DOIS TABUS, UM MITO, MUITAS CULPAS
Memélia Moreira
Àqueles acostumados à linguagem dos emojis e emoções transmitidas com polegares, recomendo que leiam o novo livro de Urariano Mota com interrupções a cada parágrafo, para não apenas assimilarem as palavras, mas principalmente para uma reflexão. Porque “O QUE MANTÉM O HOMEM VIVO” não é uma leitura légère, como dizem os franceses. É uma leitura que disseca a profundeza de sentimentos, comportamentos e preconceitos que banalizamos. Um livro que disseca tabus, sentimentos de culpa carregados por nós que fomos e somos da resistência brasileira.
Sim, “O que mantém um homem vivo” conta histórias da resistência sem os pieguismos que nos rodeiam. Resistência contra uma ditadura cruel, selvagem que torturou, matou até hoje nos perturba porque não entregaram os mortos que fizeram desaparecer.
Àqueles que nos rejeitam e que apontam o dedo acusatório contra nós porque amamos a revolução e fizemos a resistência contra a desumanidade dos ditadores, quero lhes dizer que jamais suportariam uma sessão prolongada no pau de arara, um dos mais comuns instrumentos de tortura ou os espancamentos brutais infligidos àqueles que foram presos e estavam sob a guarda do Estado.

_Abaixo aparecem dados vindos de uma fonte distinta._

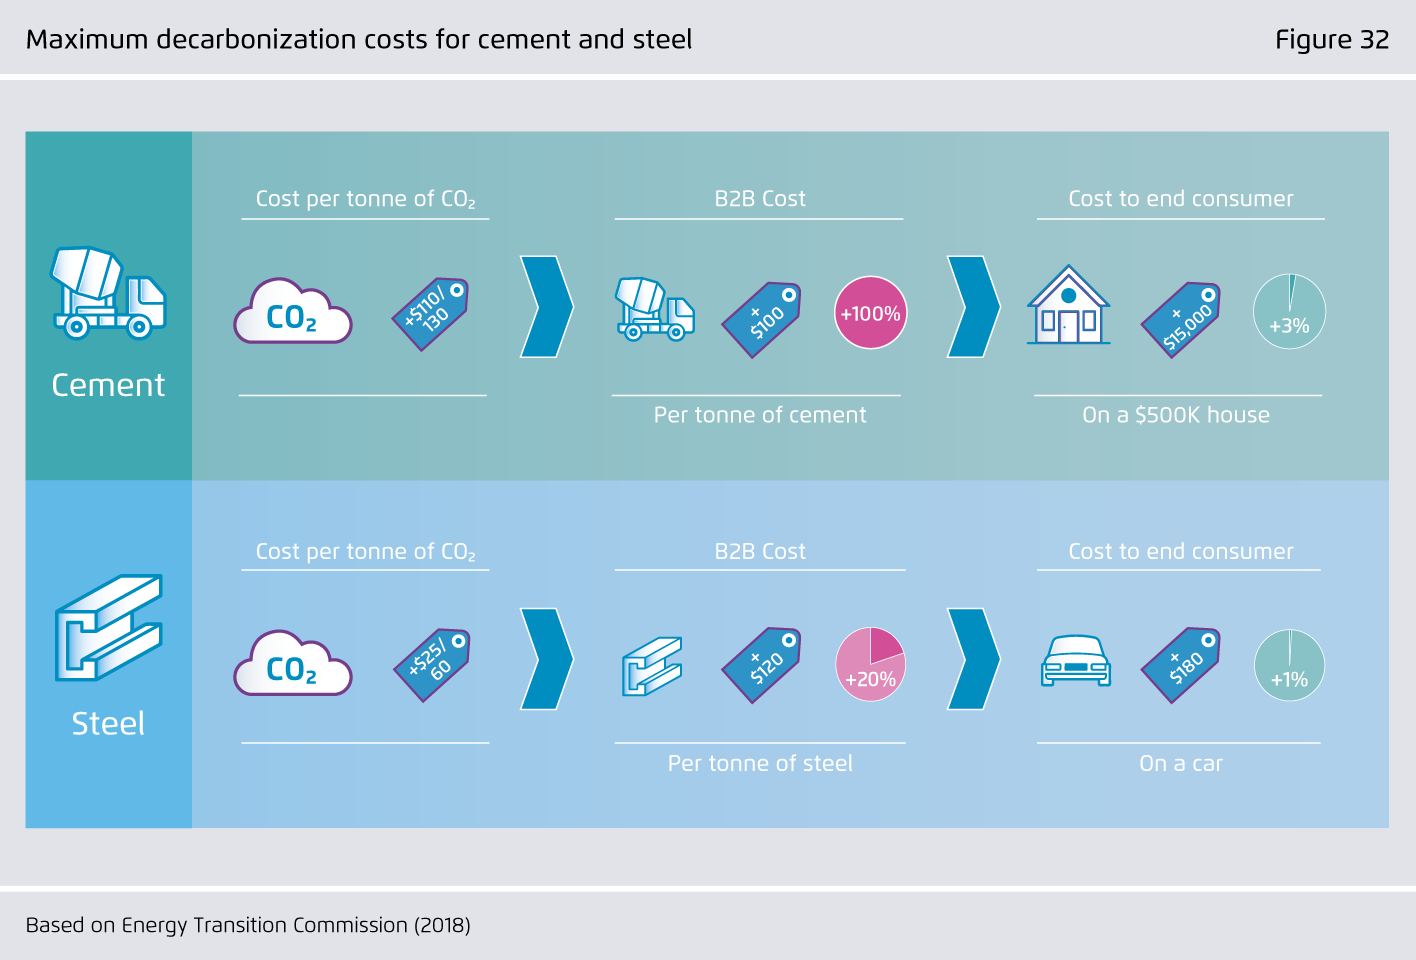 Preview for Maximum decarbonization costs for cement and steel

Os exemplos das covardias da direita se repetem. Basta ler os jornais para ver que a simples perspectiva de ser preso leva o ex-presidente Jair Bolsonaro, a se hospitalizar com crises de soluços e vômitos. Logo ele que passou quatro anos nos ameaçando com uma nova ditadura e chegou mesmo a conspirar e organizar um golpe de Estado.
Estou convivendo com o livro, que já está na editora, dia e noite, incluindo madrugadas, há 55 dias. Ele me acompanhou numa inesquecível viagem de trem da Flórida à Geórgia, sul dos EUA, me acompanhou também no fim de semana num resort da Disney World onde deixei de ir aos parques para viver com o livro as vidas de pessoas que amargaram um dos momentos mais sombrios da História do Brasil. Chorei em muitos momentos, ri muito em outros. Porque apesar de tudo, os mesmos personagens sabiam rir, sabiam viver além das angústias e sofrimentos que toda a resistência impõe. E me apaixonei pelo “Gordo”, um dos personagens mais vibrantes e tristes de todos os personagens, Ele existiu e eu gostaria de tê-lo conhecido. Cheguei a sonhar com ele. No sonho, ele e o autor estavam sentados na mesa de um bar. Eu à distância, não ousava me aproximar porque sabia que a conversa entre eles era “conversas de homem”. Um dia ainda escrevo sobre o que chamo de “conversas de homem”.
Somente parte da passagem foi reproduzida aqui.